Adapting and printing 3-dimensional mathematical objects

In Easter term we ran a mini workshop on 3D printing with about 15 students. They came up with a couple of nice models using OpenSCAD, MeshLab, Blender or Mathematica as well as importing objects from Thingiverse. The .stl files that they produced then were passed on to the ZPrinter 650 in the Archaeology department, adapted in size and modelled with (random) colours. Finally they were then excavated and cleaned by Beth Upex as well as glued by Richard Allen there.
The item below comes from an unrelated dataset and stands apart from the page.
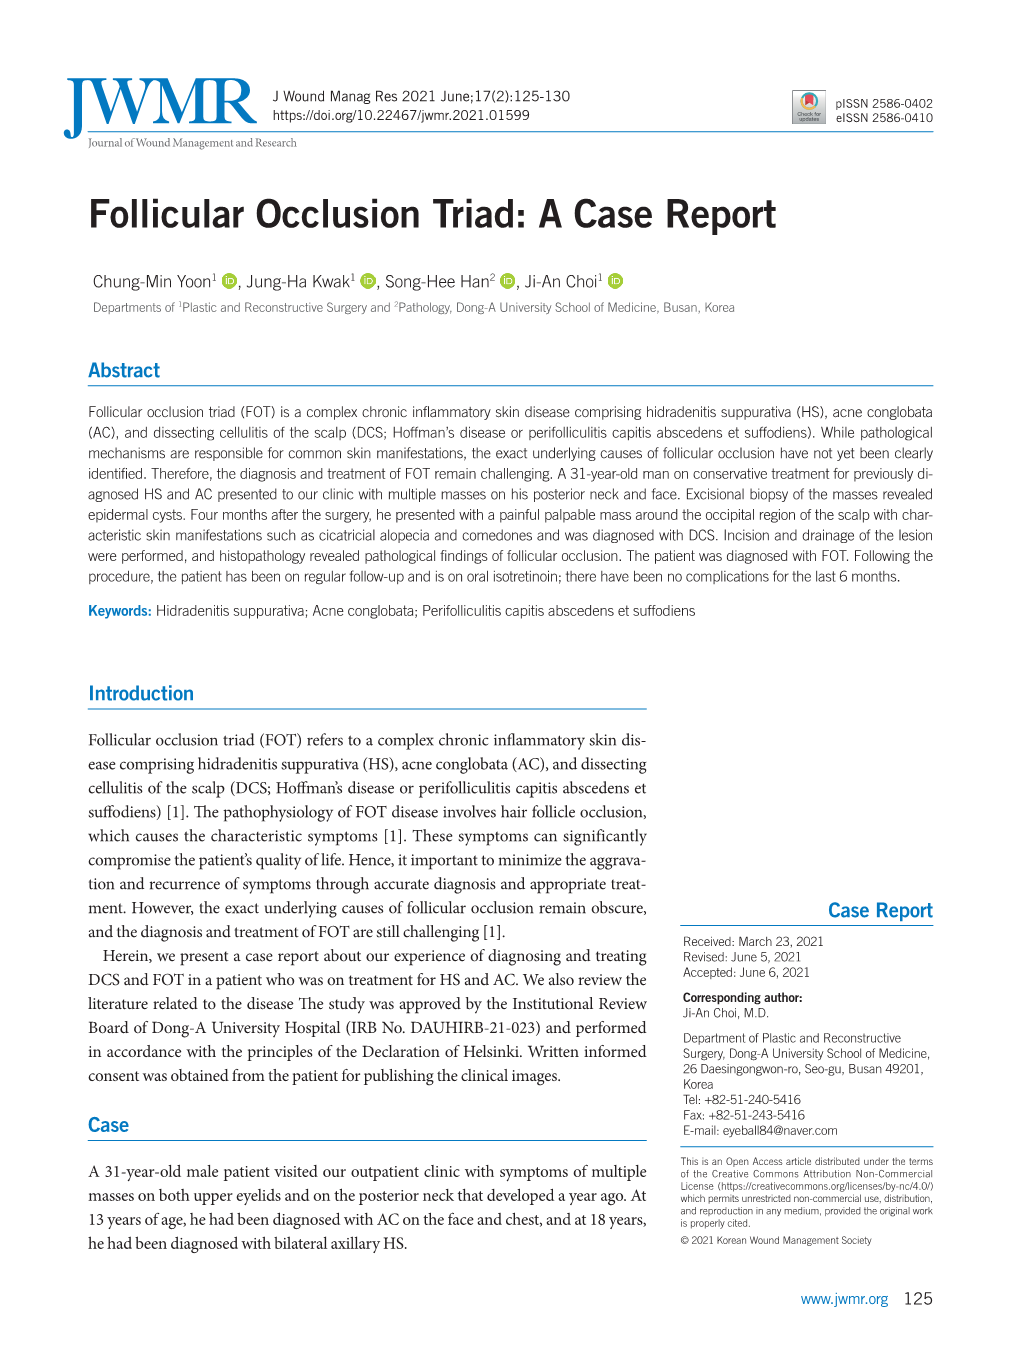 Follicular Occlusion Triad: a Case Report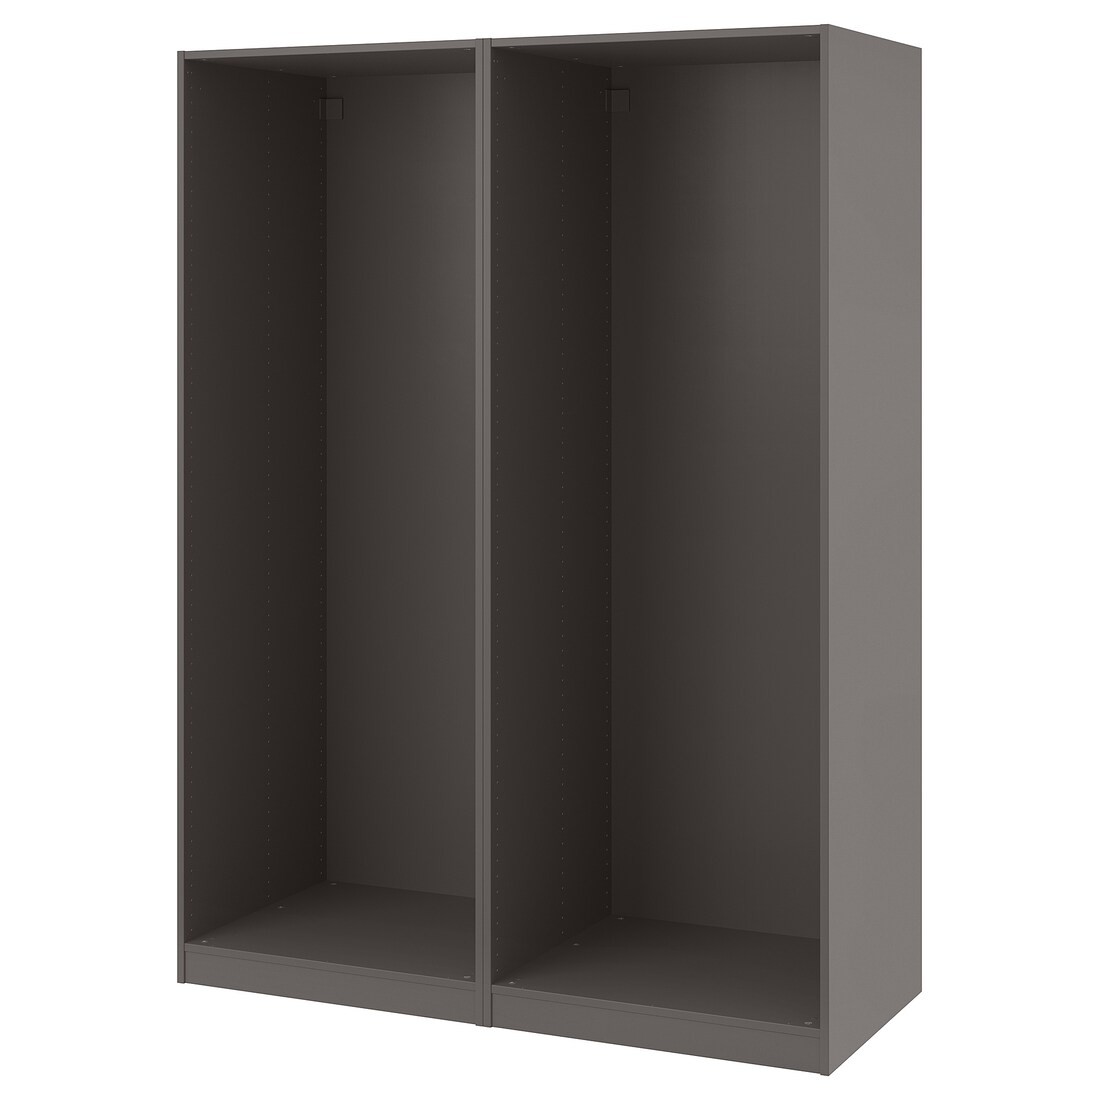 IKEA PAX ПАКС 2 каркаса гардероба, темно-серый, 150x58x201 см 79432176 794.321.76

Here are pictures of a couple of results:

  • Collection
  • Collection (from a different angle)

    Individual pictures (taken by Yingxue Shang) and quick descriptions:

  • 2-3 torus link (Josh Yaxley)
  • Voronoi lattice of a Seifert surface of the Borromean rings (Lucia Gray-Lucero) (different angle)
  • Klein Bottle in Voronoi shape (Katherine Noble)
  • Menger Cube (Esther Goldberg)
  • Dodecahedron with five inscribed cubes (Andrej Moisejevs)
  • 3D-Mandelbrot set (Josh Males)
  • Double Helix (Josh Yaxley)
  • Tesseract (Andrej Moisejevs)
  • Tetrix (3D version of Sierpinski triangle) (Josh Inoue)

    Other models include a trefoil knot that looks like a figure 8 knot (pink, Dillon Reihill), Borromean rings (blue, Aaron Poole), a slice of a Menger cube (orange, Lu Liu (?)), a tetrahedral frame with encaged balls (yellow, ?) and a ball inside a larger ball with geometrically shaped holes (light green, Yingxue Shang).